The stories converge when Paris returns to the lake and goes through portals that take him to 1952. There he finds a wounded Anna and gets her help before attempting to get back to his own time, 2003. Instead, he ends up in 2022, Ellie's time, and takes Ellie's boat, which she had tied up before traveling to the past. He is arrested as a suspect in Anna's disappearance. He sees a news report with a photo of Anna and realizes the girl he saved in the past was his own mother. He escapes from the police, but drowns while trying to return to the lake to go back to his time.

Meanwhile, in 2005, Ellie sees a necklace hanging on a car mirror that matches her mother's necklace.

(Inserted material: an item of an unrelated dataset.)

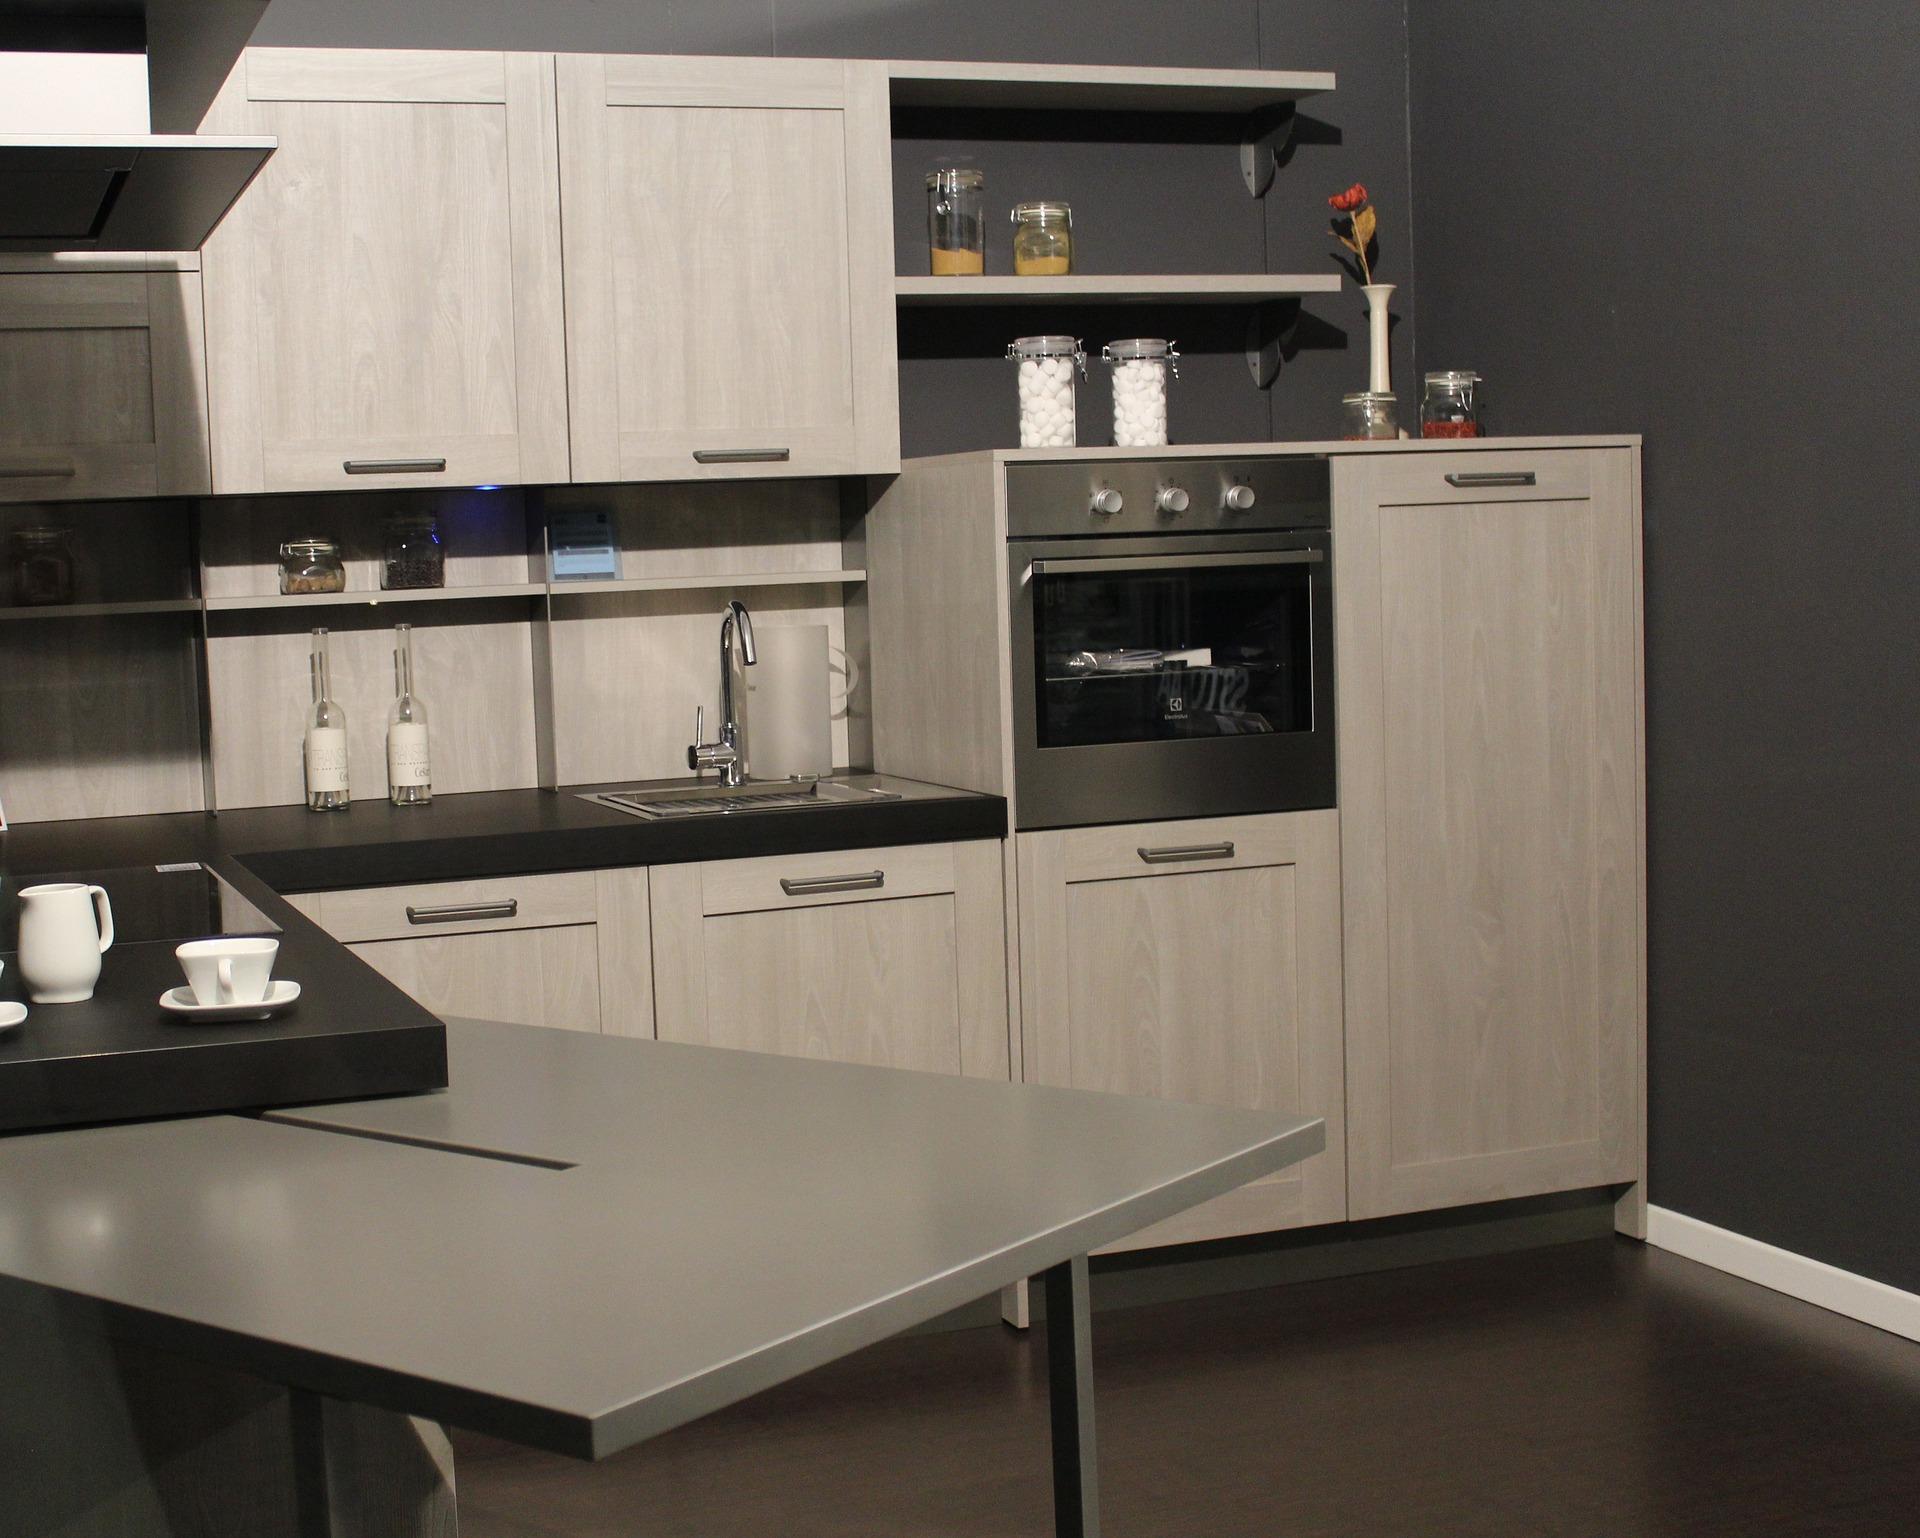 Naro ne meble kuchenne - Mensole per cucine ...

It was a necklace that Anna was wearing when she went missing. She breaks into the car to get the necklace and the car's owner arrives and attacks her, trying to get the necklace back. Ellie asks where the necklace came from and the woman, who is Celeste, says it belonged to her missing boyfriend's mother, Anna Lang. Ellie has been looking for Celeste's boyfriend, Paris.

Ellie realizes the woman is Celeste, and the baby Celeste is holding is herself. Ellie goes to an Internet café and looks up Anna Lang. She realizes Anna is her grandmother, and Paris is her missing-assumed-dead father. She goes back to the lake to return home to 2022.

She returns home to find her mother watching a news report about Paris' escape and death after telling Daniel that Anna is safe. There is a photo of Paris and the authorities are asking for help identifying him. Ellie shows Anna's school picture from 1952 and embraces her mom, explaining that neither Anna nor Paris meant to leave them.

== Cast ==
- Dylan O'Brien as Paris
- Eliza Scanlen as Ellie
- Caroline Falk as Anna
- Lauren Ambrose as Celeste
- Eric Lange as Daniel
- Sam Hennings as Ben
- Diana Hopper as Cee

== Production ==
Caddo Lake is a thriller film written and directed by filmmaking duo Celine Held and Logan George. In August 2021, Dylan O'Brien and Eliza Scanlen were in talks to star in the film, then titled Vanishings, and a casting call was released, revealing M. Night Shyamalan would produce under his production company Blinding Edge Pictures. Shyamalan, Held, and George had previously collaborated on the horror television series Servant. By October 2021, O'Brien and Scanlen were set to star in the film, which had been retitled to The Vanishings at Caddo Lake, and Lauren Ambrose, Eric Lange, Sam Hennings, and Diana Hopper had joined the cast, with filming beginning on October 4 in Shreveport, Louisiana. Held and George sought 1998–2004 period-specific vehicles from locals in order to produce an authentic feel to the story's community. Filming wrapped on November 18, 2021. By May 2023, the title was shortened to Caddo Lake.

== Release ==
Caddo Lake released on Max on October 10, 2024.

== Reception ==
 Metacritic, which uses a weighted average, assigned the film a score of 55 out of 100, based on seven critics, indicating "mixed or average" reviews.